Ochi masih terus berupaya membujuk Orlando. Entah mengapa di lubuk hatinya, Ochi merasa kalau Maya itu orang baik. Seandainya pun dulu dia tidak baik, kita sebagai sesama manusia juga wajib untuk mendukungnya yang ingin berubah menjadi pribadi yang lebih baik bukan?

"Nggak bisa, Dek Sean. Bu Maya itu masih diincar oleh pembunuh yang masih berkeliaran. Nyawanya masih terancam. Abang nggak bisa membiarkannya dirinya tanpa perlindungan seperti itu di sini. Terlalu riskan bagi keselamatan Bu Maya itu sendiri."

Ochi mengulum senyum. Orlando tidak sadar kalau ternyata dia sudah menunjukkan kalau dia itu sebenarnya amat sangat perduli pada keadaan Maya. Mungkin saja Orlando sedikit menyukai Maya, hanya saja Orlando tidak bisa menerima masa lalu Maya yang memang cukup mencengangkan.

"Abang mencemaskan keselamatan Bu Maya ya, Bang?" Ochi iseng menggoda Orlando. Bang Lando ini malu-malu tapi mau rupanya

"Tentu saja! Eh maksud Abang, Abang kan punya kewajiban untuk melindungi semua rakyat Indonesia ini, siapapun itu orangnya, Dek. Tidak ada perlakuan yang istimewa di sini."

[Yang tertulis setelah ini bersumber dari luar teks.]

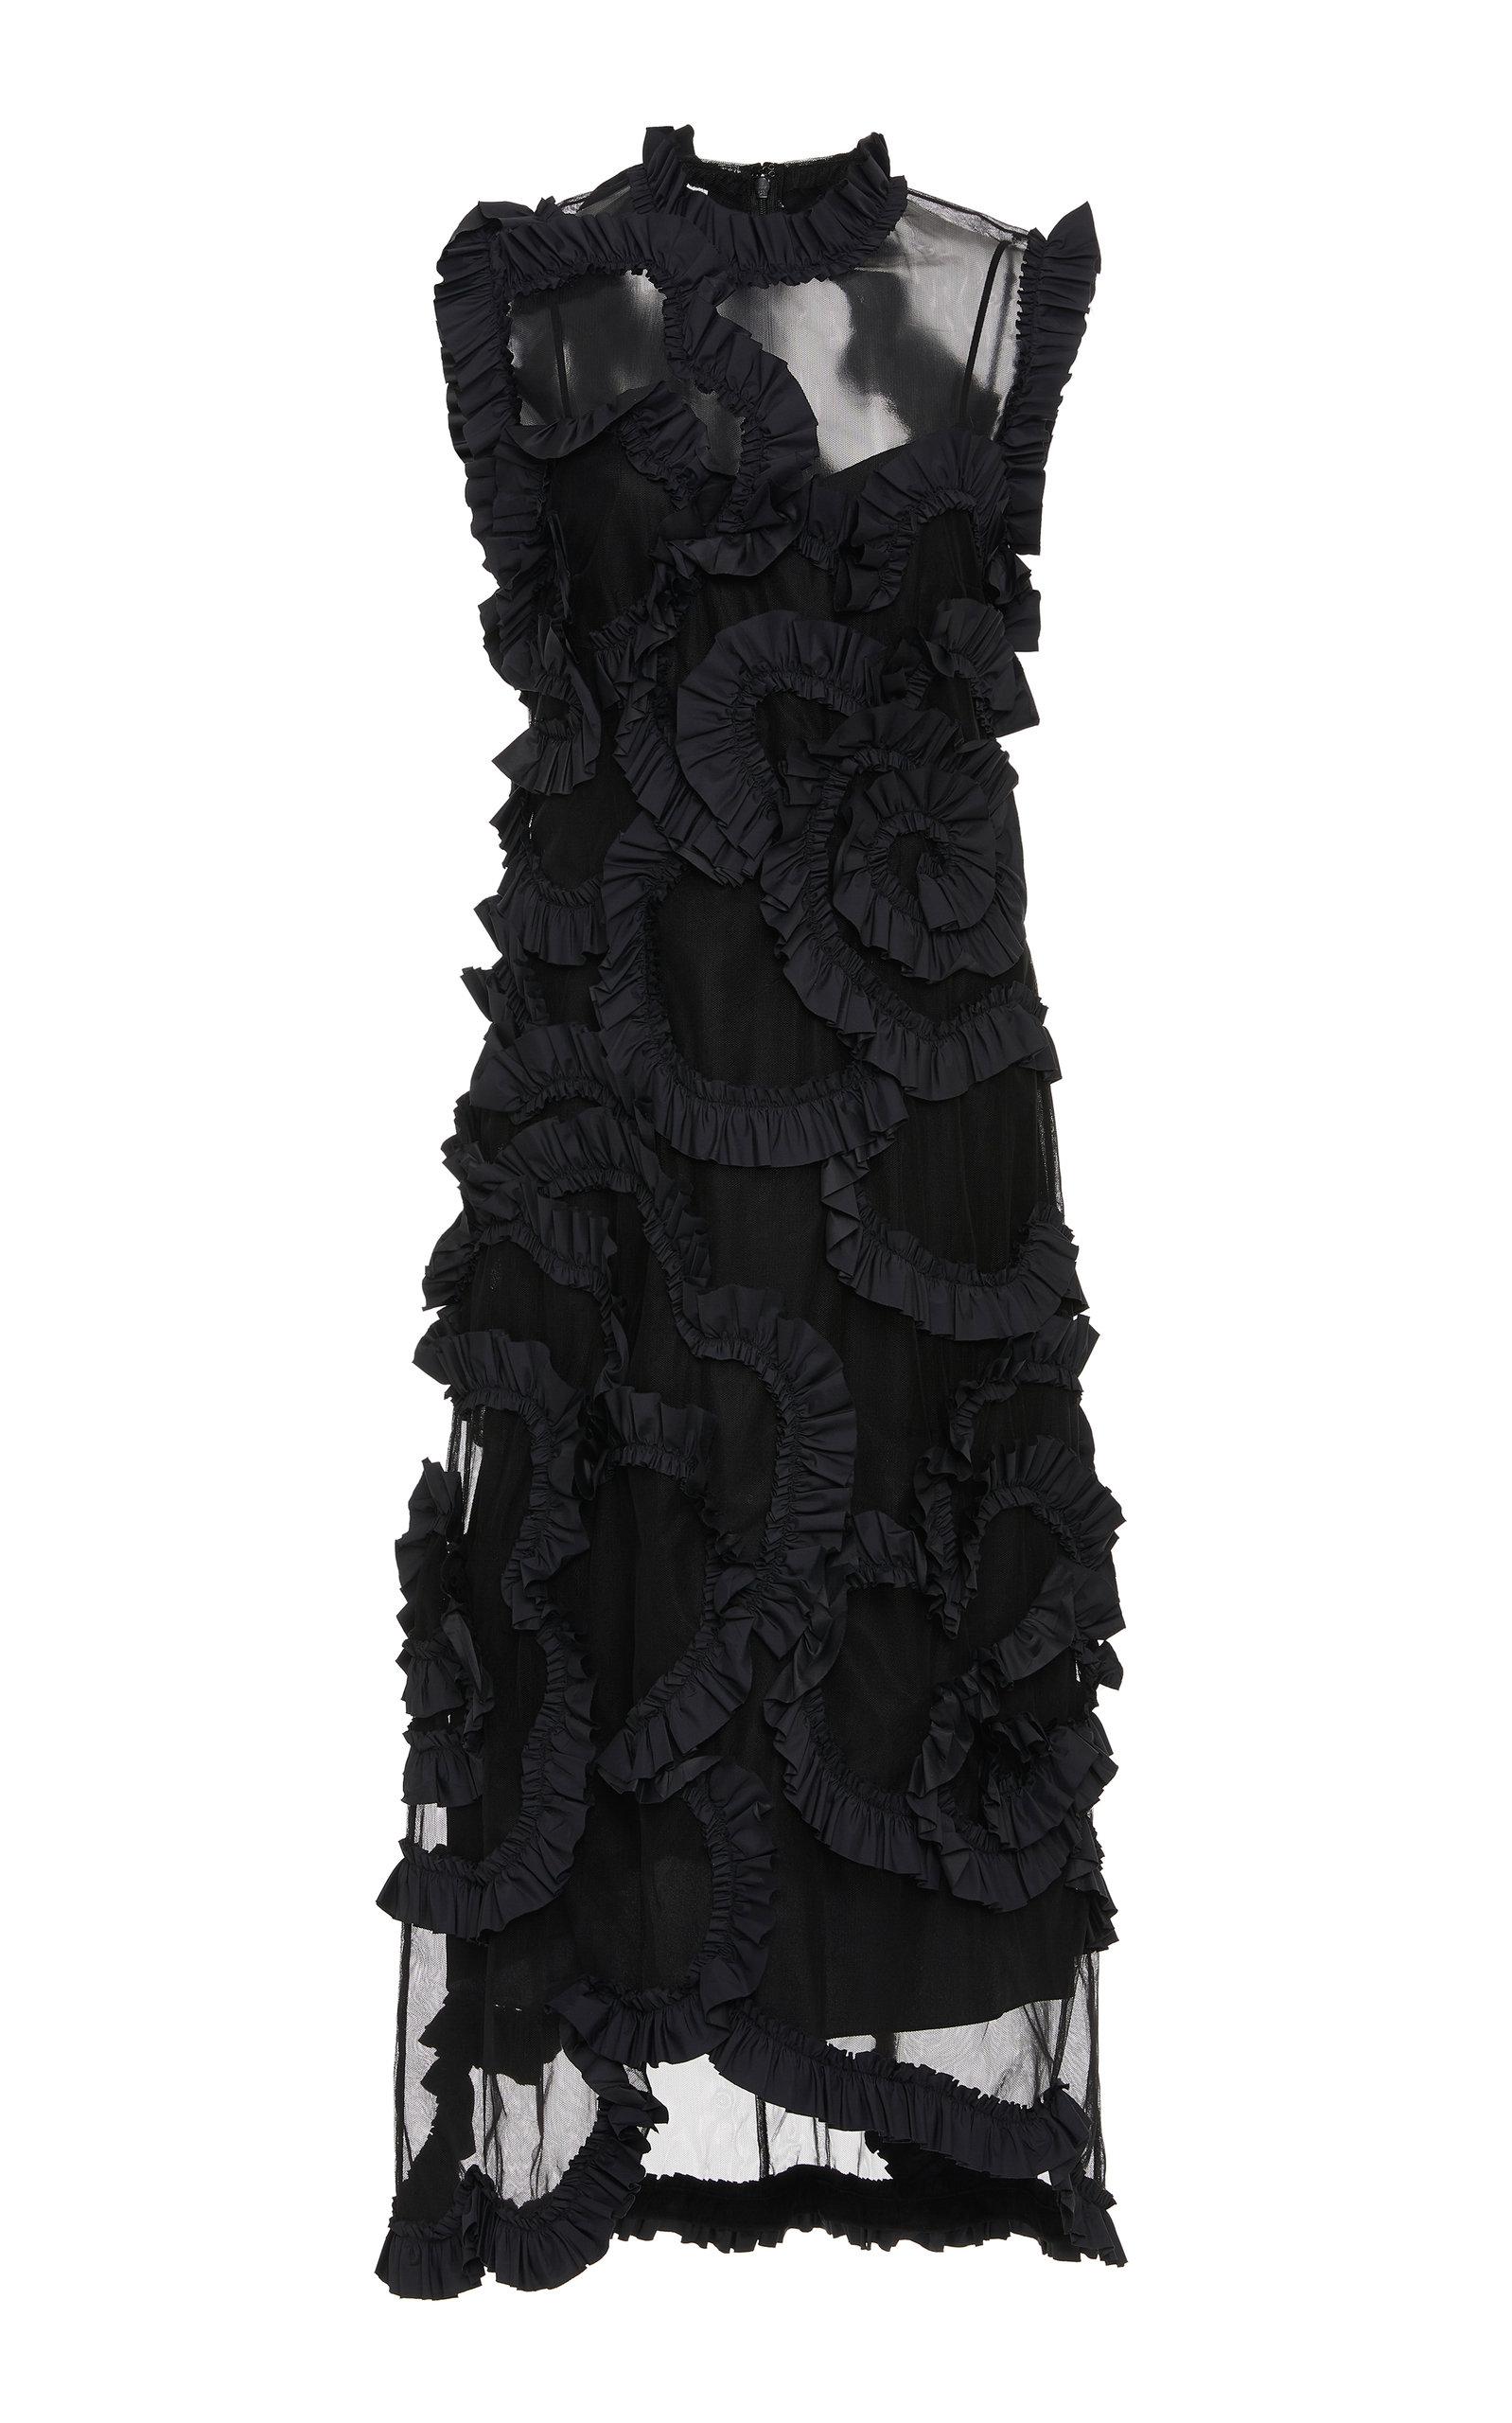 Moncler Genius Dresses + SIMONE ROCHA RUFFLED SILK-CHIFFON MIDI DRESS

Orlando menjawab secara diplomatis. Dia tahu kalau sebenarnya Ochi itu menertawainya dalam hati. Sialan!

"Ya tapi kan Bu Maya itu perlu pergantian suasana, supaya Bu Maya tidak stress. Siapa tahu dengan bekerja dan bertemu dengan banyak orang aja akan mempercepat ingatannya kembali lagi, Bang. Ochi janji deh, kami semua akan menjaga dan melindungi Bu Maya semaksimal mungkin. Lagian Bu Maya kalau di sini kan banyak orang, Bang. Itu penjahat juga mikir-mikir kali kalau ingin melakukan tindak kriminal di sini," bujuk Ochi lagi.

Orlando terdiam. Dia sudah tidak memiliki alasan untuk menolak usul Ochi. Ya sudahlah, demi Ochi ia akan meloloskan permintaannya.

"Baiklah. Abang izinkan Bu Maya bekerja di sini dengan syarat, Adek dan semua staff Adek harus bertanggung jawab terhadap keselamatannya. Jaga Bu Maya semaksimal mungkin. Jangan pernah membiarkan Bu Maya berbicara dengan orang asing, dan jangan biarkan dia terlibat interaksi intens dengan orang lain yang tidak ia kenal. Karena bisa saja, mereka itulah pelaku kejahatan yang sebenarnya. Sanggup menerima persyaratan Abang, Dek?"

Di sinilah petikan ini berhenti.